With regression we don’t typically make many distributional assumptions about \(\mathbf{X}\), except for a few crucial ones. In particular, we saw that for the linear projection to be well-defined we needed \(\mathbf{Q}_{\mathbf{X}\mathbf{X}} = E[\mathbf{X}\mathbf{X}^{T}]\) to be positive definite and thus invertible.

Let \(\mathbf{X} = (1, X)^{T}\) so we are in a bivariate regression setting. Show that if \(Var(X) = 0\), then \(\mathbf{Q}_{\mathbf{X}\mathbf{X}}\) is not positive definite. (Hint: look for linear dependencies in the columns of \(\mathbf{Q}_{\mathbf{X}\mathbf{X}}\).)

Question 4: Regression Analysis of Subprime Loans

This problem will guide you through thinking about the conditional expectation function and how it relates to regression and how we can connect it back to hypothesis testing.

For this problem, we are going to use the subprime data. Recall that these are data collected by the U.S. government on all home lending transactions in Cape Coral and Fort Myers. They contain information on each loan applicant and give information on whether that applicant received a subprime loan (high.rate) as well as on the amount of the loan (loan.amount). They also contain basic demographic information such as race, gender, and income.

Assume the data represent the “truth” (i.e., an entire population). Also assume that the data in this population are distributed i.i.d. Take a sample of size 250, without replacement, from this population. Set your seed to 02138 before doing so. You will be working with this sample throughout this problem.


You care about the relationship between the variables income and loan.amount – seems like there should be a relationship between those two, right?

As per usual, you have a friend (you really need to get some new friends) who proposes that you use the following strategy to see if there is a relationship: Create a new income income.bin variable that takes on four values using the cut() function in R:

  • a value for if income falls into the [0, 25] percentile range (which you can find via quantile()),
  • a value if it falls into the (25, 50] range,
  • a value for the (50, 75] range, and a value for the (75, 100] range.

Note that the lower bounds are NOT inclusive, except for the first range.

Run a regression of loan.amount on income.bin, and report the coefficients, standard errors, \(R^2\) and sample size in a nicely formatted table (recall section).


Let’s compare the approach in (a) to using a regression on the original continuous variable.

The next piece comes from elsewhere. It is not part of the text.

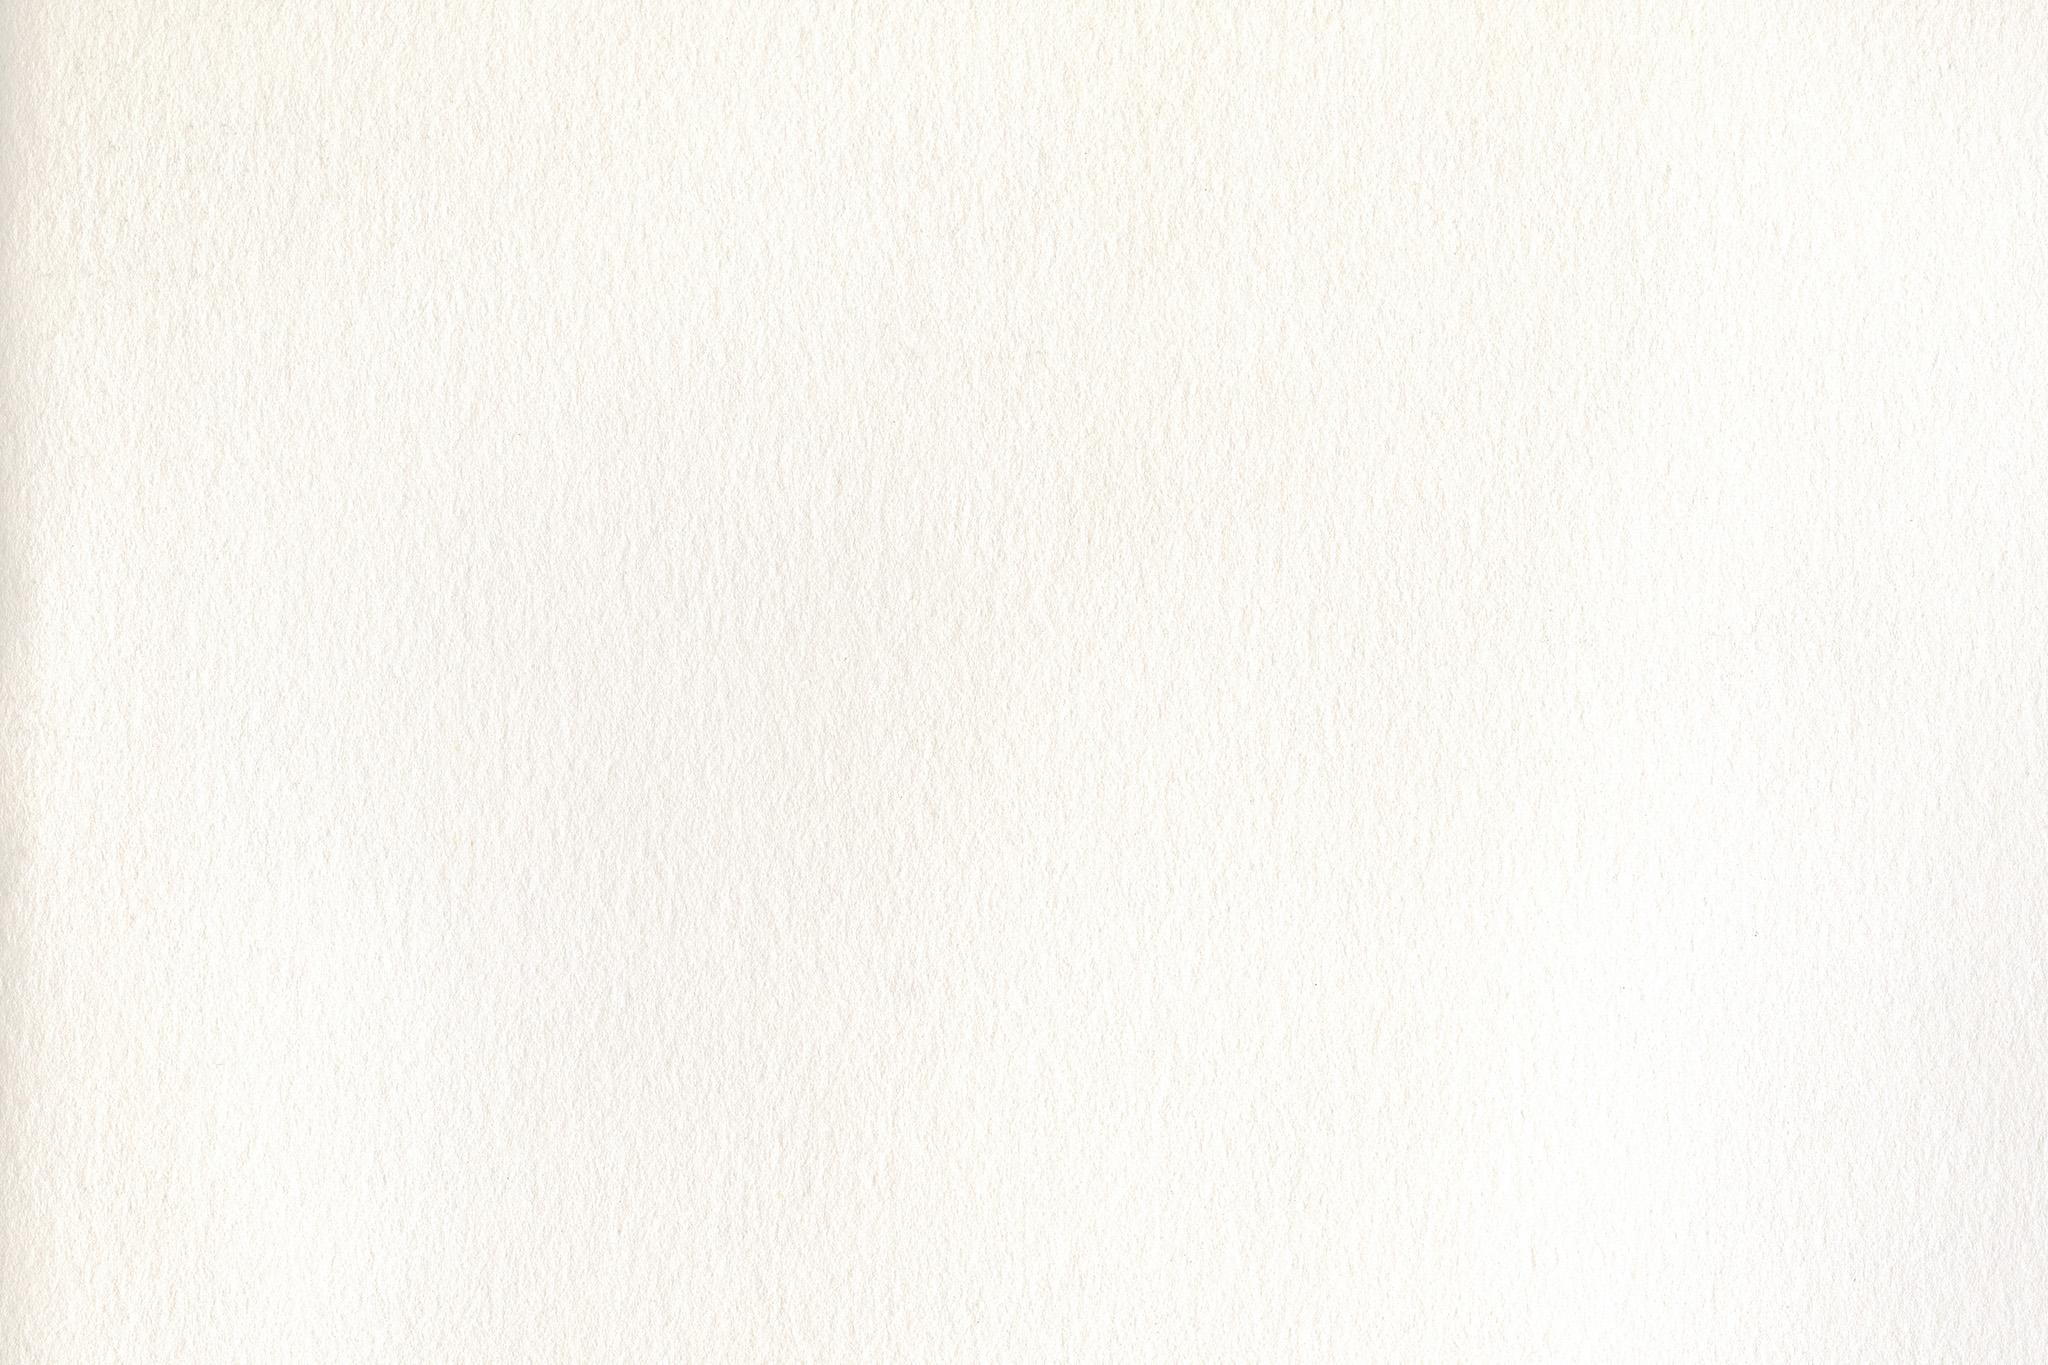 「表面の素材が荒い白い紙」の画像を無料ダウンロード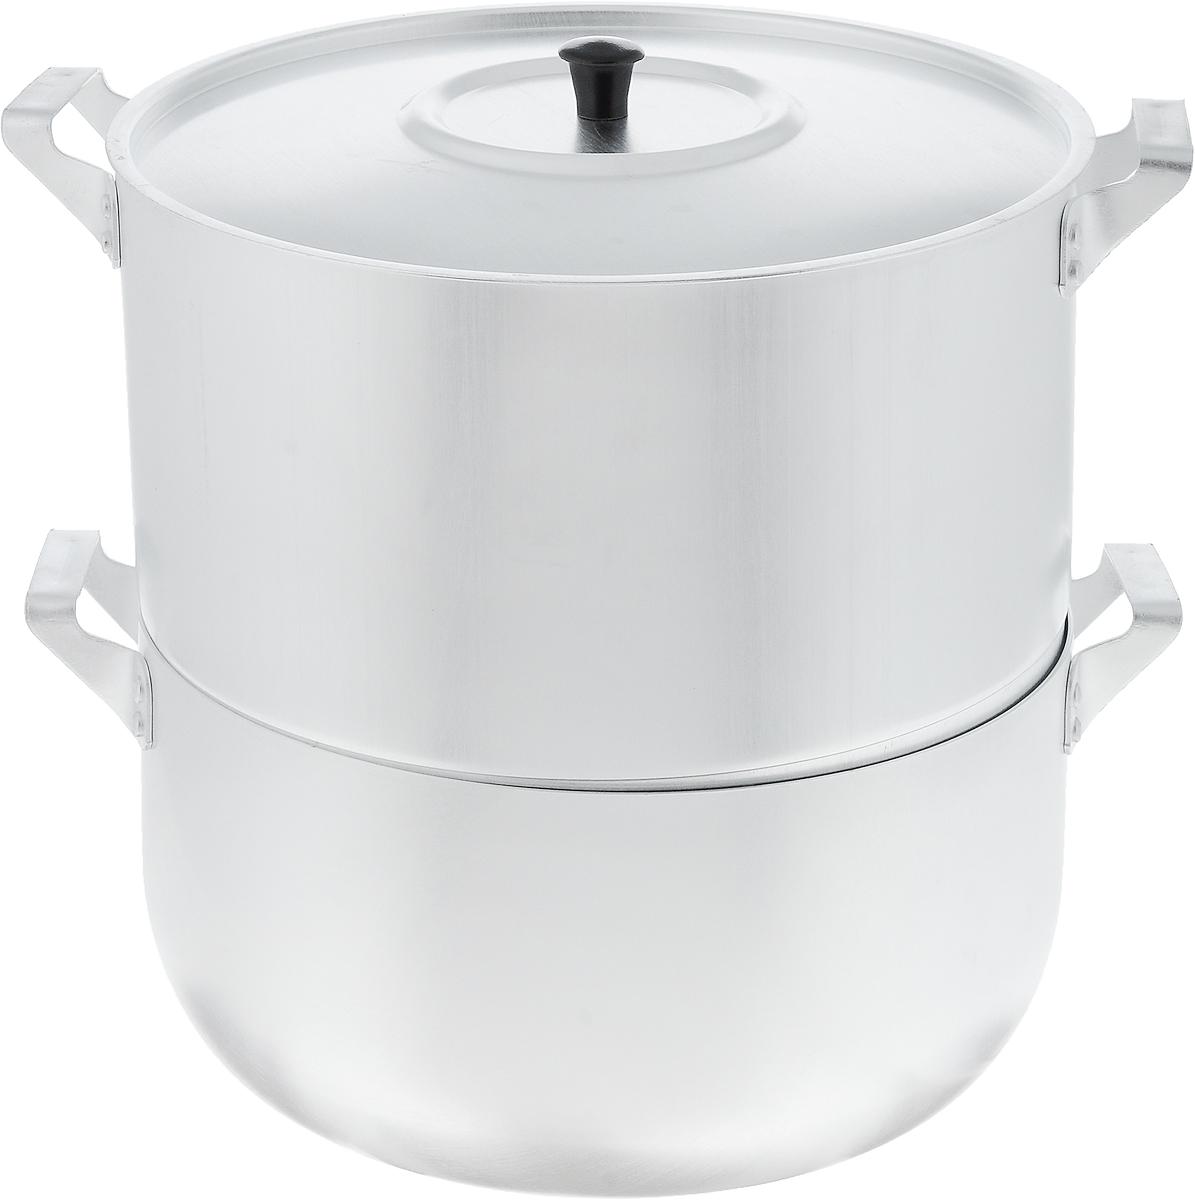 Мантоварка Scovo с крышкой, 4 яруса, 6 л115510Мантоварка Scovo изготовлена из высококачественного алюминия, что делает посуду износостойкой, прочной и практичной. Глубина уровней изделия, диаметр отверстий и объем специально предназначены для приготовления мантов. В мантоварке также можно готовить и другие блюда: овощи, котлеты или пельмени. Готовить на пару очень просто, продукты не пригорают и не склеиваются, а готовое блюдо выходит рассыпчатым и ароматным. Питательные элементы и витамины не растворяются в воде, а остаются в продуктах. Еда получается не только полезной, но и по-настоящему вкусной.Подходит для газовых и электрических плит. Внутренний диаметр нижней кастрюли: 26 см. Внутренний диаметр верхнего корпуса: 26 см. Общая высота стенки мантоварки: 25,5 см. Расстояние между решетками (ярусами) мантоварки: 3 см.Диаметр отверстий: 1 см.

What is an assumption we make in the approach in (a) that we don’t make when we run a regression? We are looking for an assumption related to the fact that you have taken a continuous variable and stratified it into four categories.


Based on the results of the regression on binned income in (a), do you think the linearity assumption needed for a bivariate regression on the original continuous variable holds in this case? Why or why not?


In spite of your friend’s opinion, you decide to run a regression of loan.amount on income. Run this regression within your sample, and report the coefficients, standard errors, \(R^2\) and sample size in a nicely formatted table (recall section).


Interpret the estimated coefficients. Is the interpretation consistent with the results from (a)?